I once heard about Tensorflow with which you can build your own image recognition. With your pre-sorting, further images could possibly be categorized automatically.

zabop · November 12, 2024, 8:58pm

Thank you @mcliquid! I think you are right, step 3 could be automated with an image processing AI model. Since I am still a quite novice OpenStreetMap editor, I would like to keep full control of what I’m doing, and I feel outsourcing step 3 to an AI would compromise on that.

In addition to me being AI-incompetent, if I let the control go at step 3, my edits would be probably classified as automated edits, requiring me to follow the

Automated Edits code of conduct and details of edits should be documented on a wiki page in Category:Automated edits log.

(Quote from here.)

So, I don’t plan on doing this, but if others do it, please share the result! I’ll be excited to check it out. (Also: I recommend being extremely careful with these tools, and review every edit by a human - while I found many AI tools to be helpful, they can get stuff wildly wrong.)

ivanbranco · November 12, 2024, 9:44pm

Regarding AI and crossing, there’s this: GitHub - Zaczero/osm-yolo-crossings: 🦓 AI-powered OpenStreetMap tool for importing zebra crossings

TheSwavu · November 12, 2024, 9:45pm

@NorthCrab (amongst others) has had a go at this NorthCrab's Diary | 🚸 AI-Powered Pedestrian Crossing Mapping: A Revolution | OpenStreetMap

http://web.archive.org/web/20240506214037/https://monicz.dev/osm-yolo-crossings

emvee · November 12, 2024, 9:51pm

I use Level0 similar, load the objects I want, copy.edit the text only I use an editor, (g)vim and regular expression search and replace to change what I want.

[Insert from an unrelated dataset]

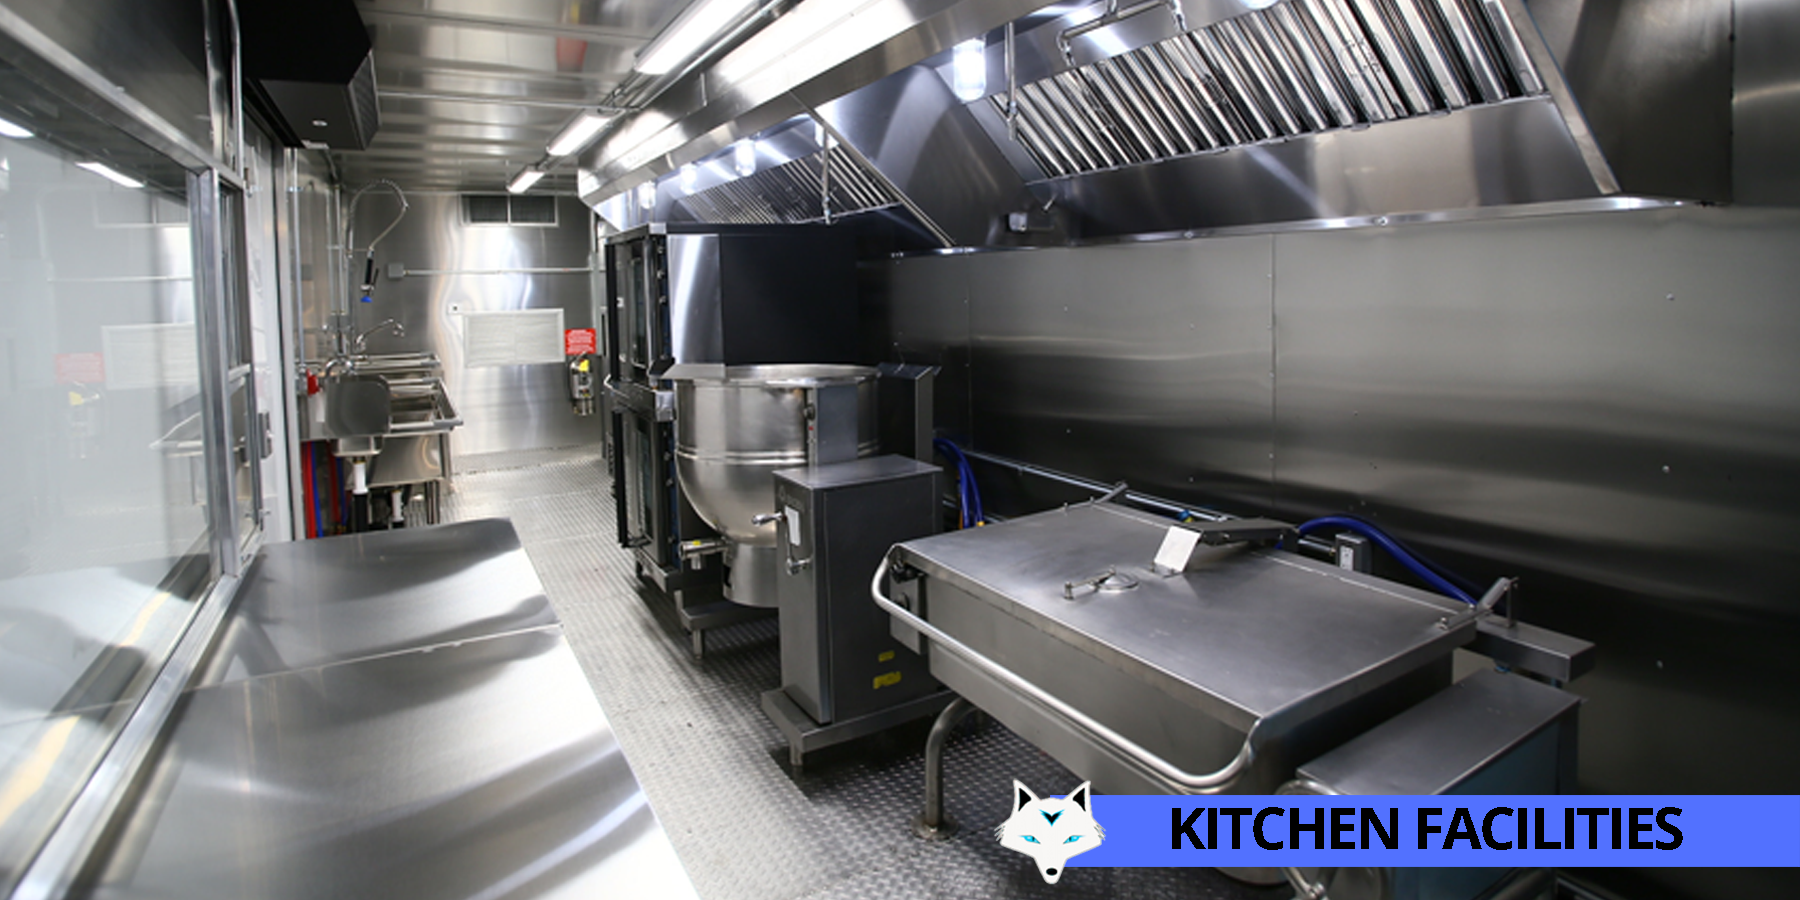 11 - kitchen facilities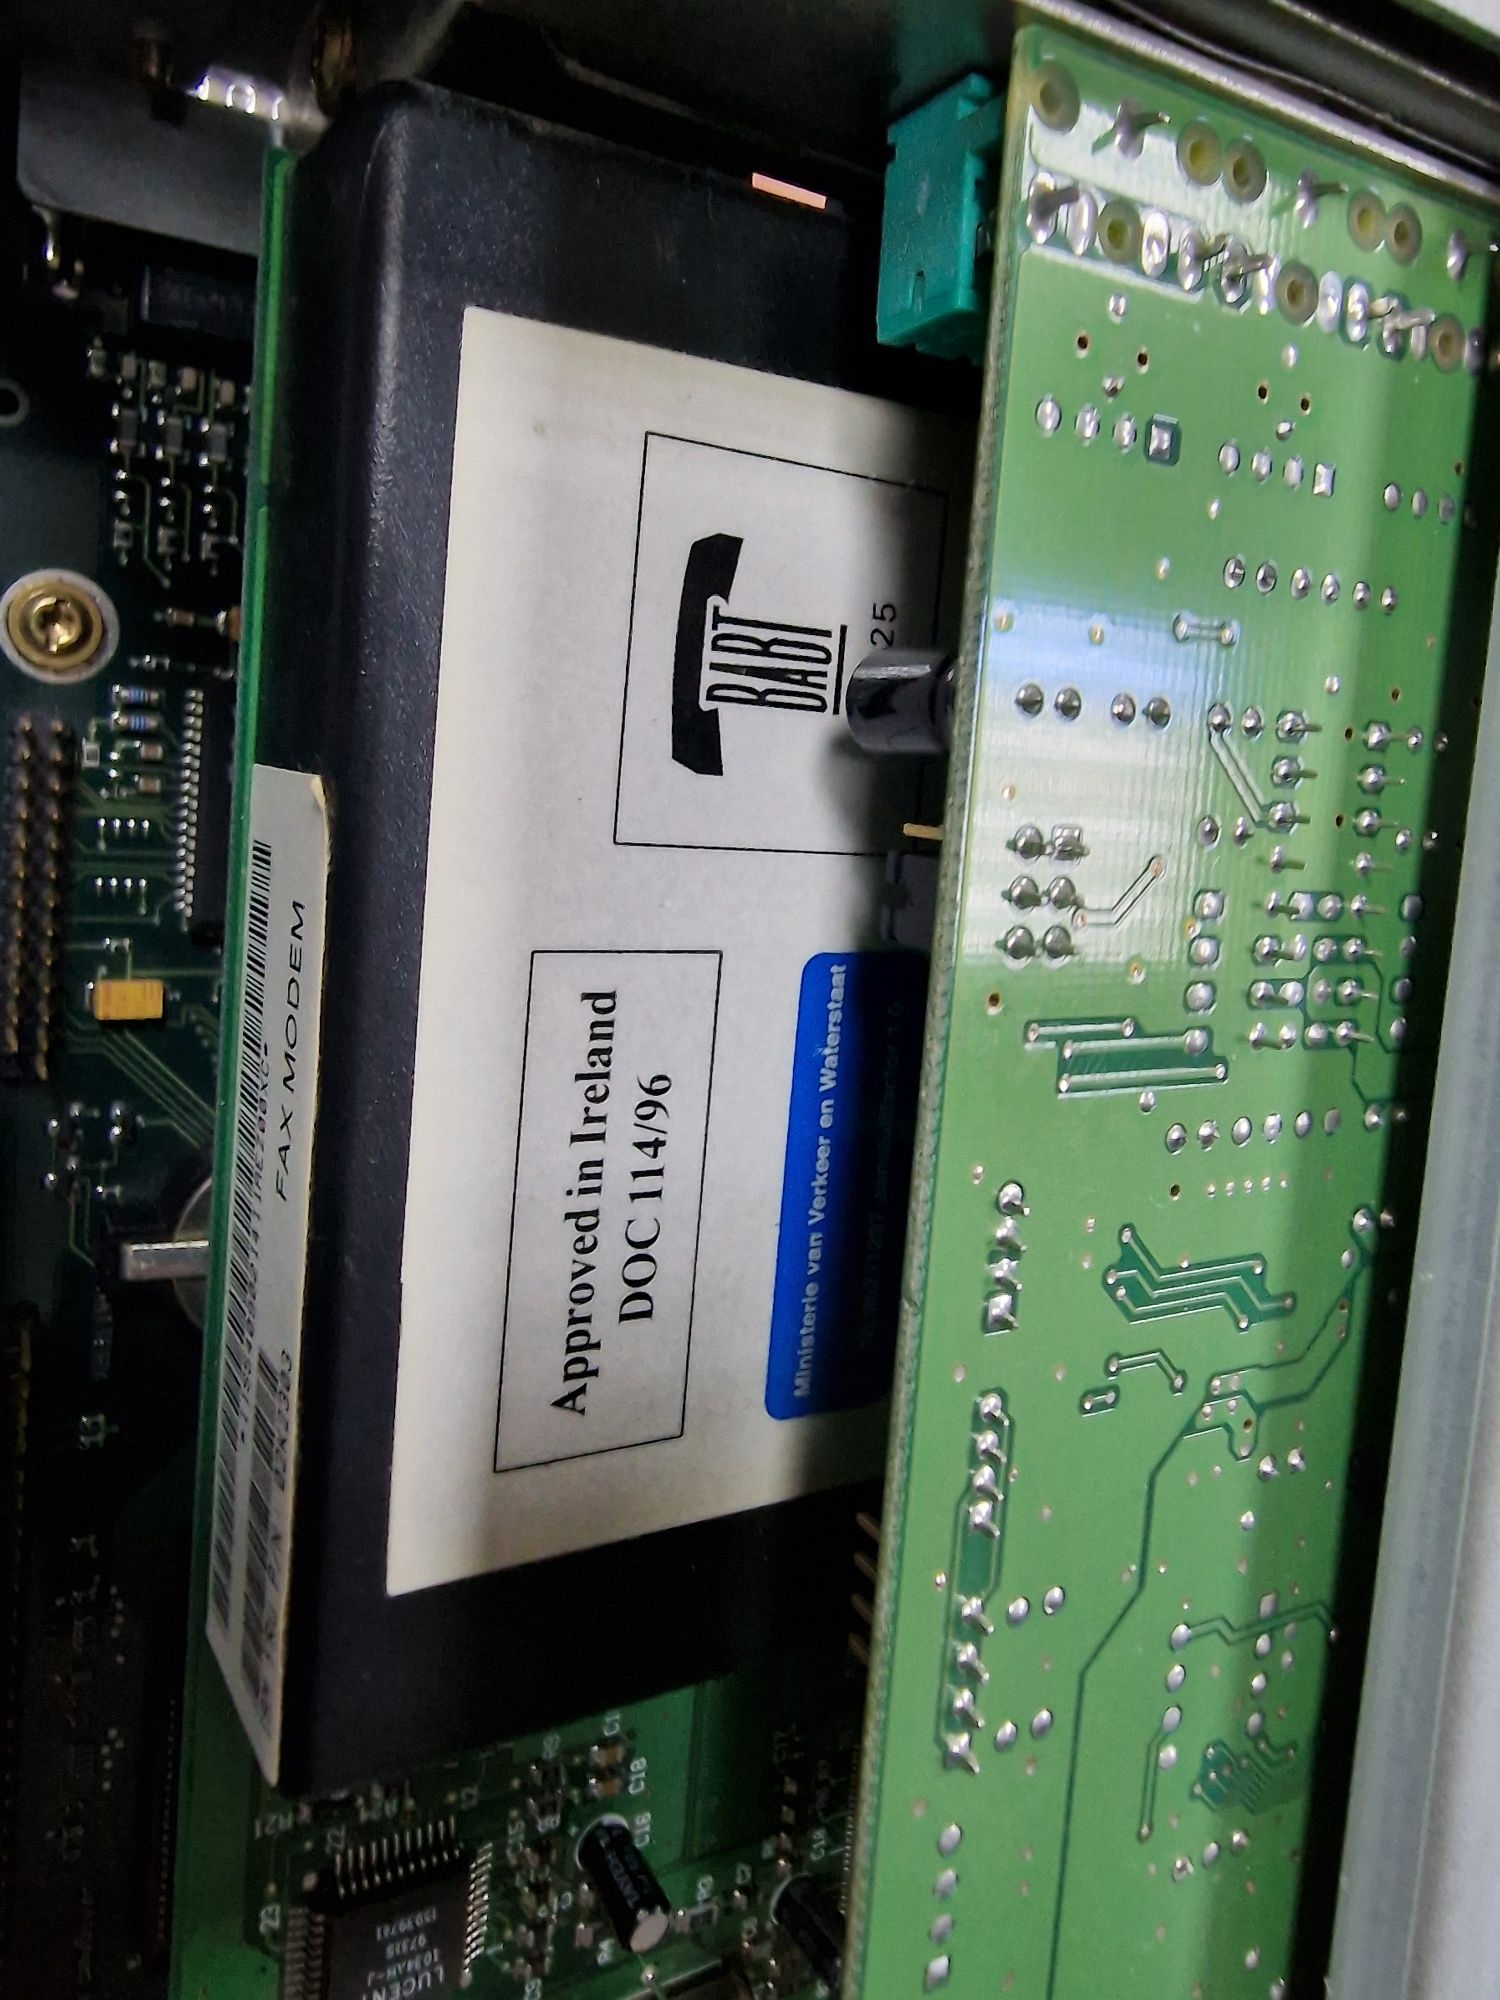 Siemens Nixdorf Pentium 1(100mhz) vintage/retro

That is faster for me then writing a python script but it limited to relative simple changes.

For more difficult changes I typically load the objects in Josm, save the layer as .osm file and edit then that file using python. Once done, I load the file again in josm, review the changes and upload them.

starsep · November 12, 2024, 10:48pm

Thanks for sharing. Your workflow is interesting but sounds complicated.

This particular case I would solve by

Download data to JOSM from Overpass: also checking for crossing tag there
Add crossings to TODO plugin list
Go through all of them using keyboard shortcuts. Purging the ones I don’t want to edit
Add tag to remaining ones
Submit changeset

zabop · November 12, 2024, 11:16pm

Thank you @starsep! I did try to make progress on this topic using JOSM, but I had a slightly different workflow than you describe (I did your step 3 and 4 together). Maybe (or probably) partly due to this, I wasn’t able to get to the proximity of 1 keypress per decision efficiency. I’ll retry using your steps!